Next morning little Tivvy Caspar wakes early and decides to do a bit of bird watching down at Don Valley Farm before school. He is very impressed by a tiny brown bird that swoops about the sky with a purpose. The bird sings sweetly and sensibly. The only bird he has studied before stood still with its wings folded and then sang a collection of meaningless random notes. He moves closer to get a better look but the farmer has seen him.... Farmer : Oi you ! Gerrof mi land, tha's tramplin mi weeds, I'll nivver get mi European Union Weed Growing Subsidy if tha tramples em ! Tivvy Caspar : I'm sorry, I just want to look at yer bird. Farmer : It's a robin, a fine young bird too. Tivvy Caspar : If I ad a young un ad train it. Do you know how a cud find out ow ter train em ? Farmer : Now then, a reckon tha'd need t'internet fer that. Tivvy Caspar : Oh. Our broadband access has been suspended at ome cos of our Jud downloading porn all time. Farmer : Tha'll av ter go ter library then. In tarn. So off he goes into tarn in search of knowledge. Sadly government laws on 'access for all' to public places have not been fully implemented and he struggles up the steps. Tivvy Caspar : Ah want to go on t'internet. Librarian : Have you got a card ? You can't go on the internet without a card. Have your parents filled in a form ? Tivvy Caspar : No, they ant. Librarian : Well you can't go on the internet until they have ! Tivvy Caspar : Not jus fer a little bit ? Librarian : No. Look at your hands, you're all dirty ! Tivvy Caspar : AM NOT ! It's our Jud, he's dirty-un on t'internet ! Can I av a form then. Librarian : You'll have to download one from our website. After that, little Tivvy Caspar gives in and goes to 'lend' some books from a charity shop instead. Tivvy Caspar's mum : I'm off art to pub. Ere's two bob, get thissen some pop an crisps. Little Tivvy Caspar takes the 10p coin and sighs at his mother's lack of understanding of the effects of 40 years of inflation. Tivvy Caspar : Spose I cud gerra lolly wi it.

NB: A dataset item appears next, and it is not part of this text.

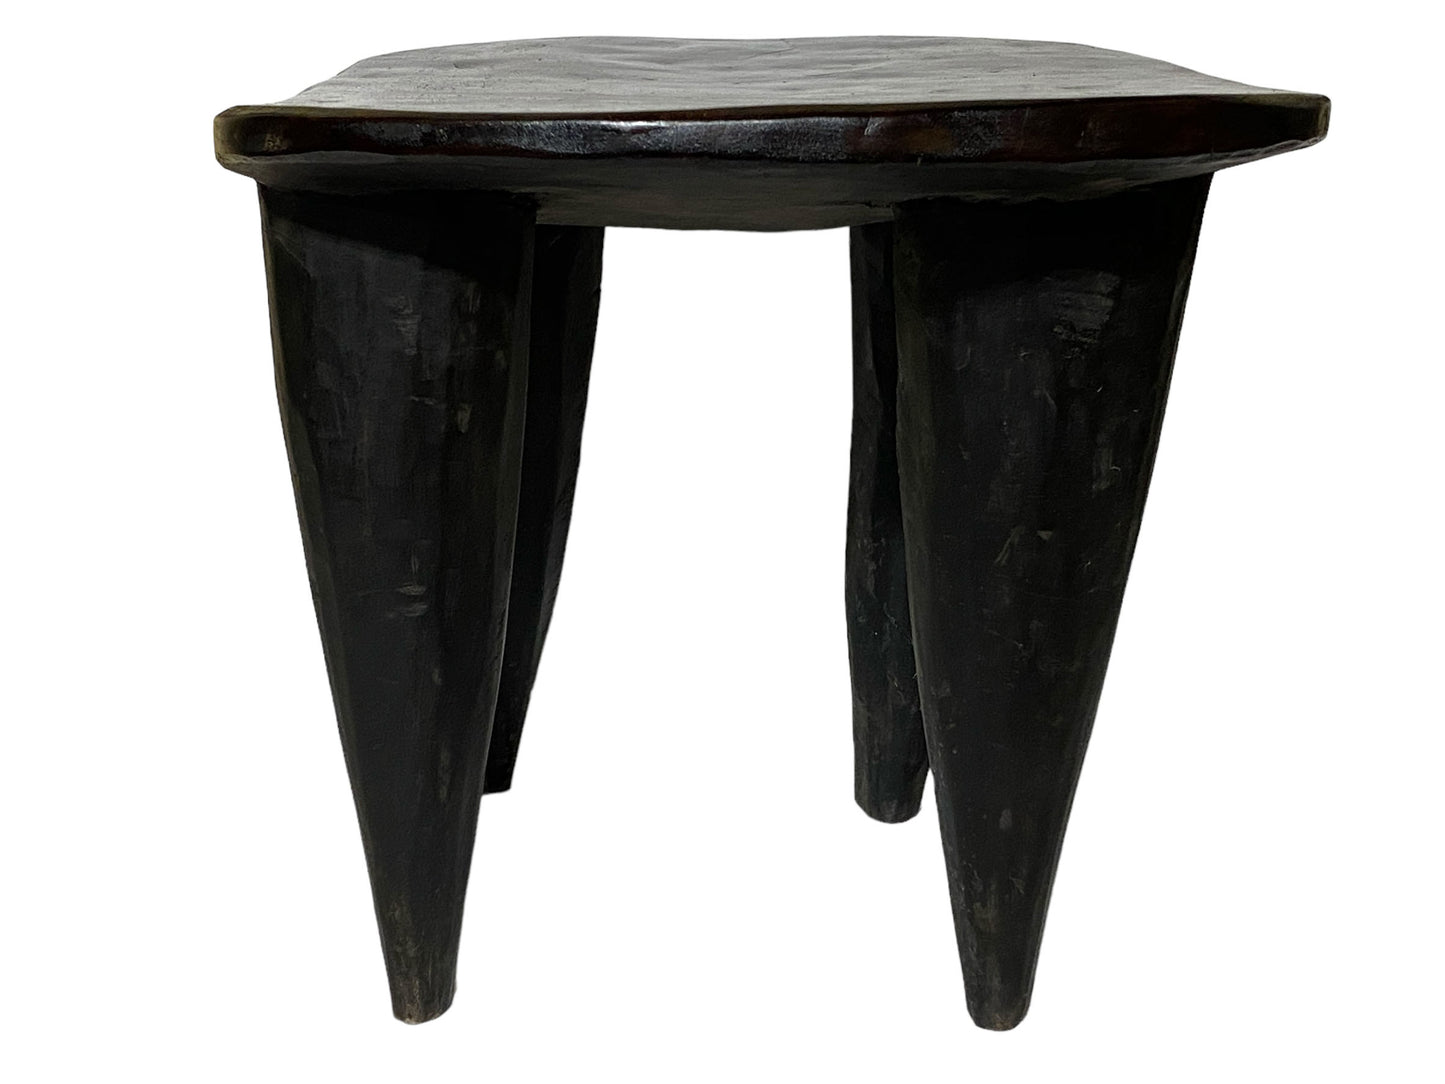 # 5915 African Carved Wood Senufo Table/Stool 21.25" W

=this gets even better, "our internet is suspended cos of jub downloading porn all time", f'ing class
"You can't go on the internet until you've filled in the form" "Can I have a form?" "You'll have to download one from our website!" Quality!

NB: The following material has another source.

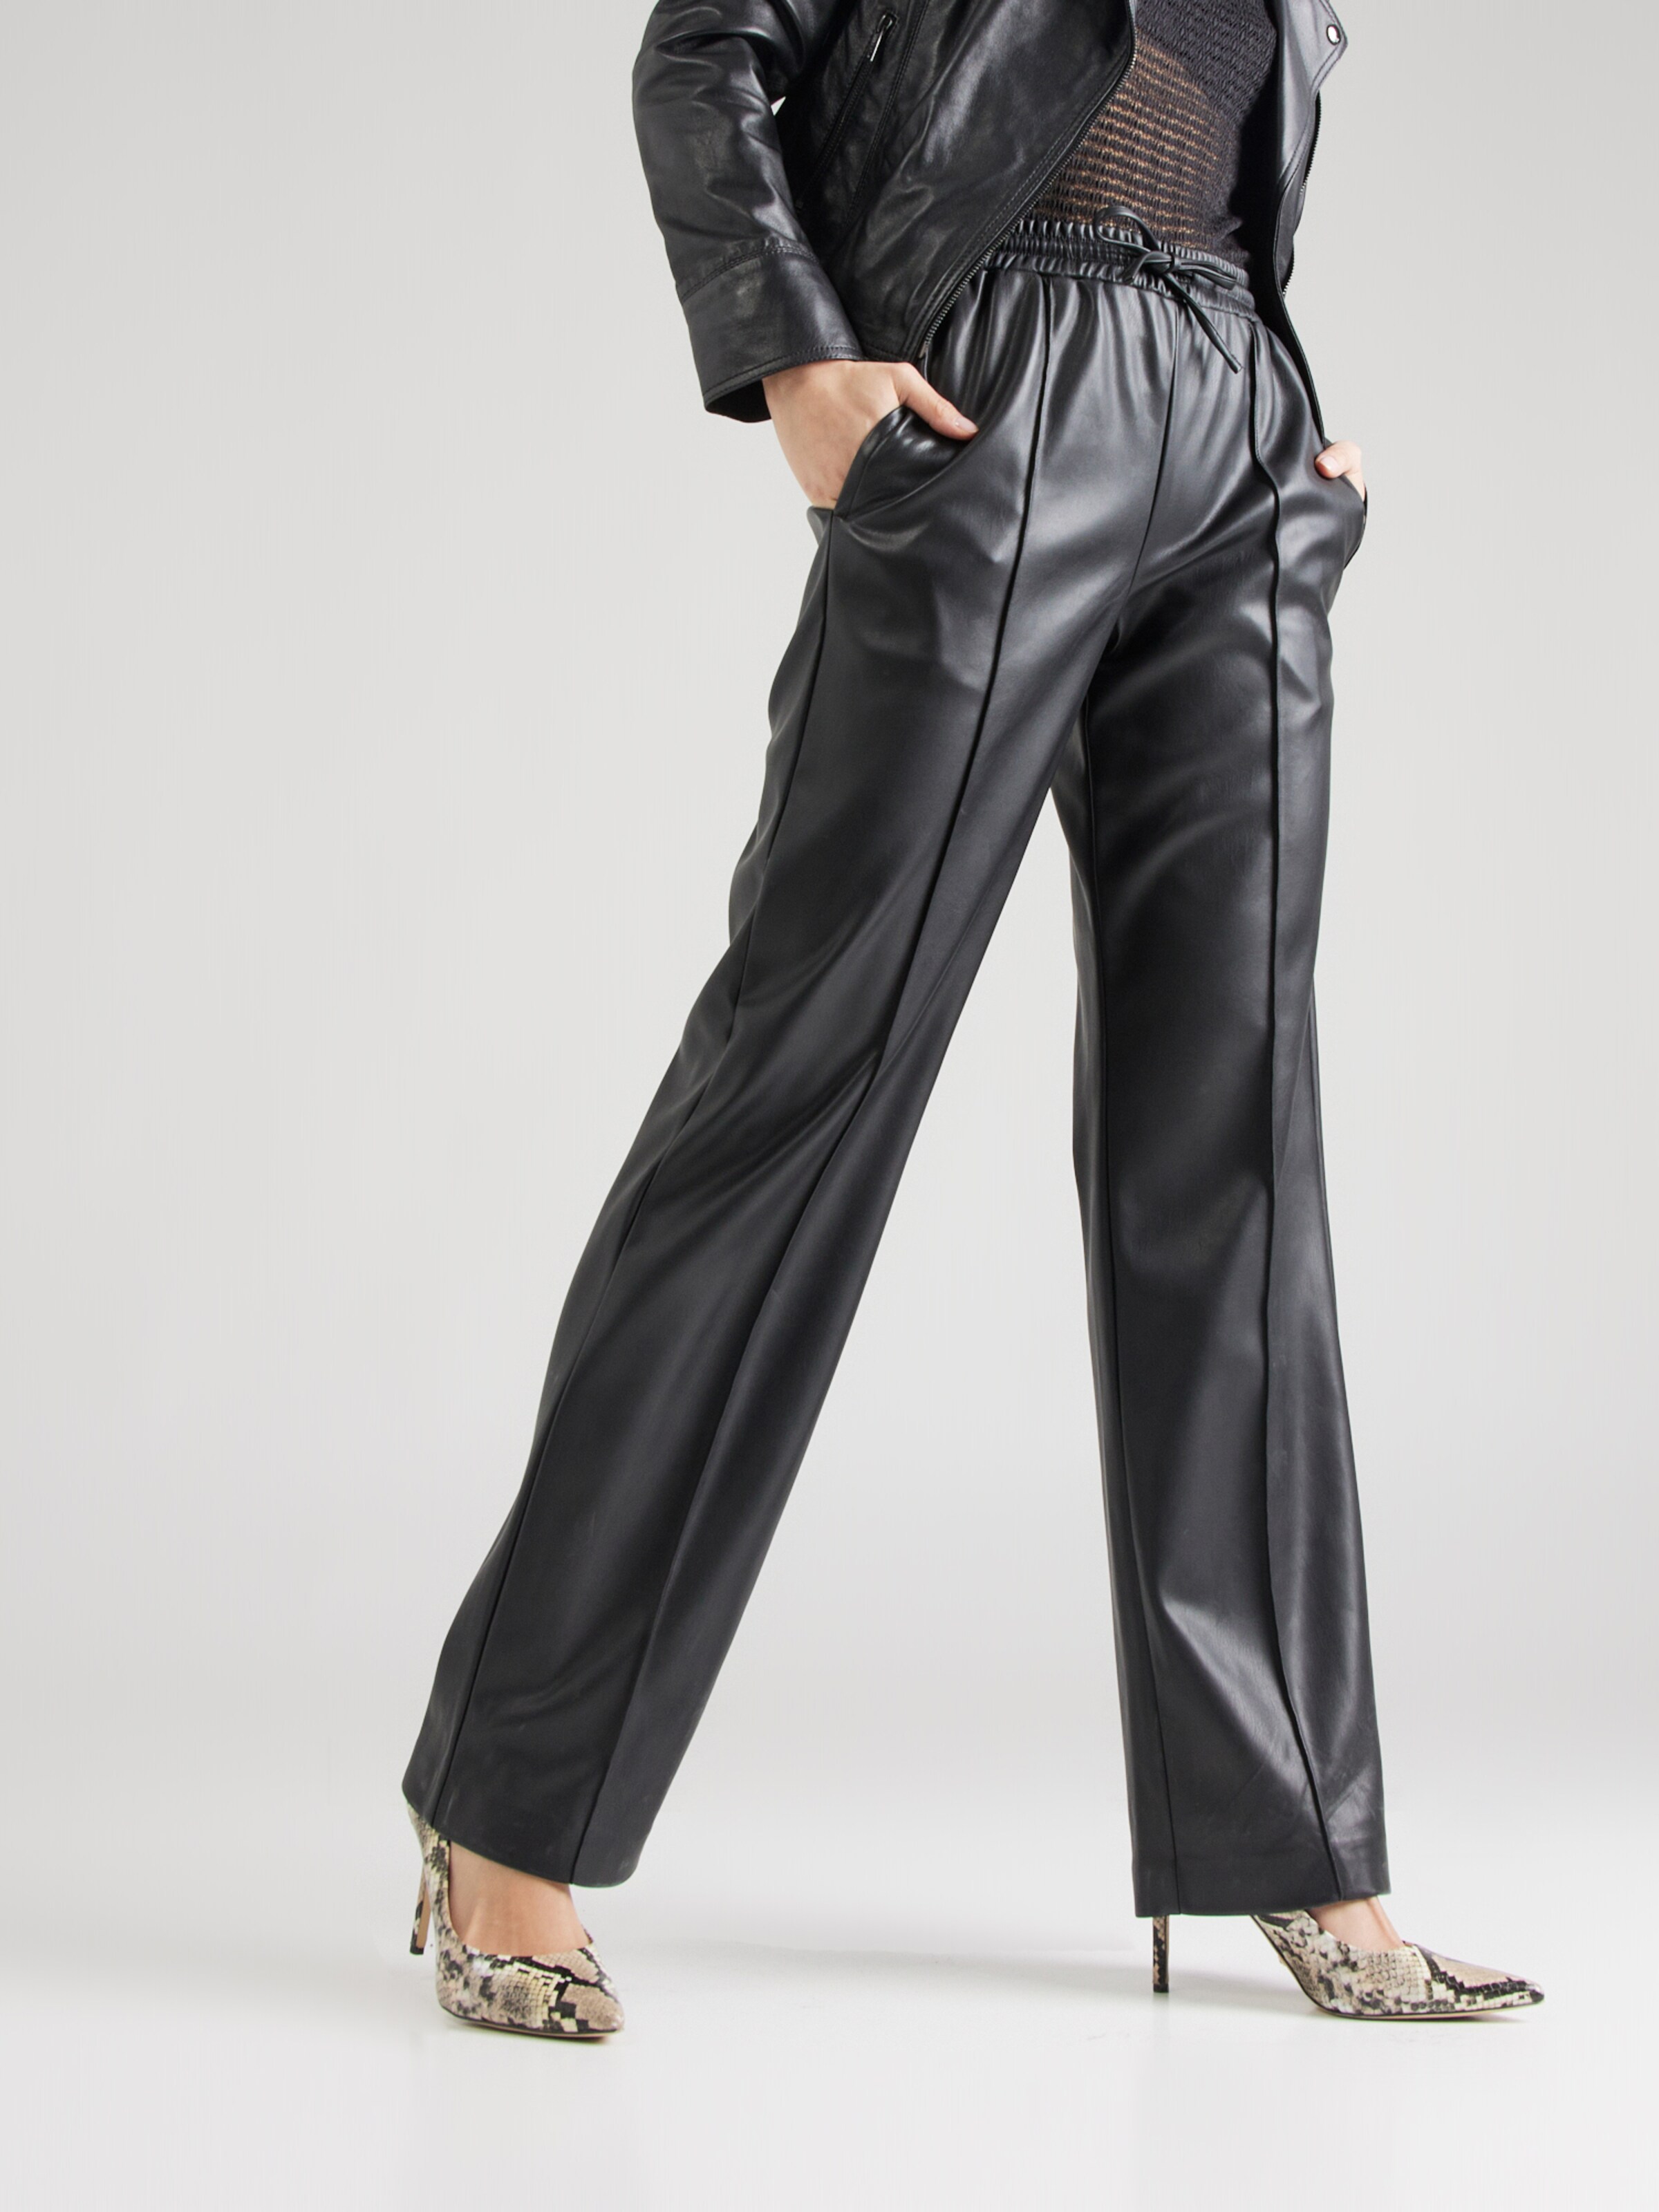 Vintage Style Wide Leg Black Leather Trousers for Women | Free Shipping  Included

I-Spy books are to be relaunched by Michelin Travel Publications in Nov 2009 with 12 new titles and a further 12 in Spring 2010. Trade journal The Bookseller announced the new launch in its October issue with an interview with Michelin Commercial Director Ian Murray. Mr Murray confirms that the initial 12 titles will include I Spy Birds, Cars, Trees, On a Car Journey and On a Train Journey.
Brilliant stuff I'm going to get "I-Spy on a Car Journey" for Mrs Burgundy Red to keep her occupied on the trips to/from France.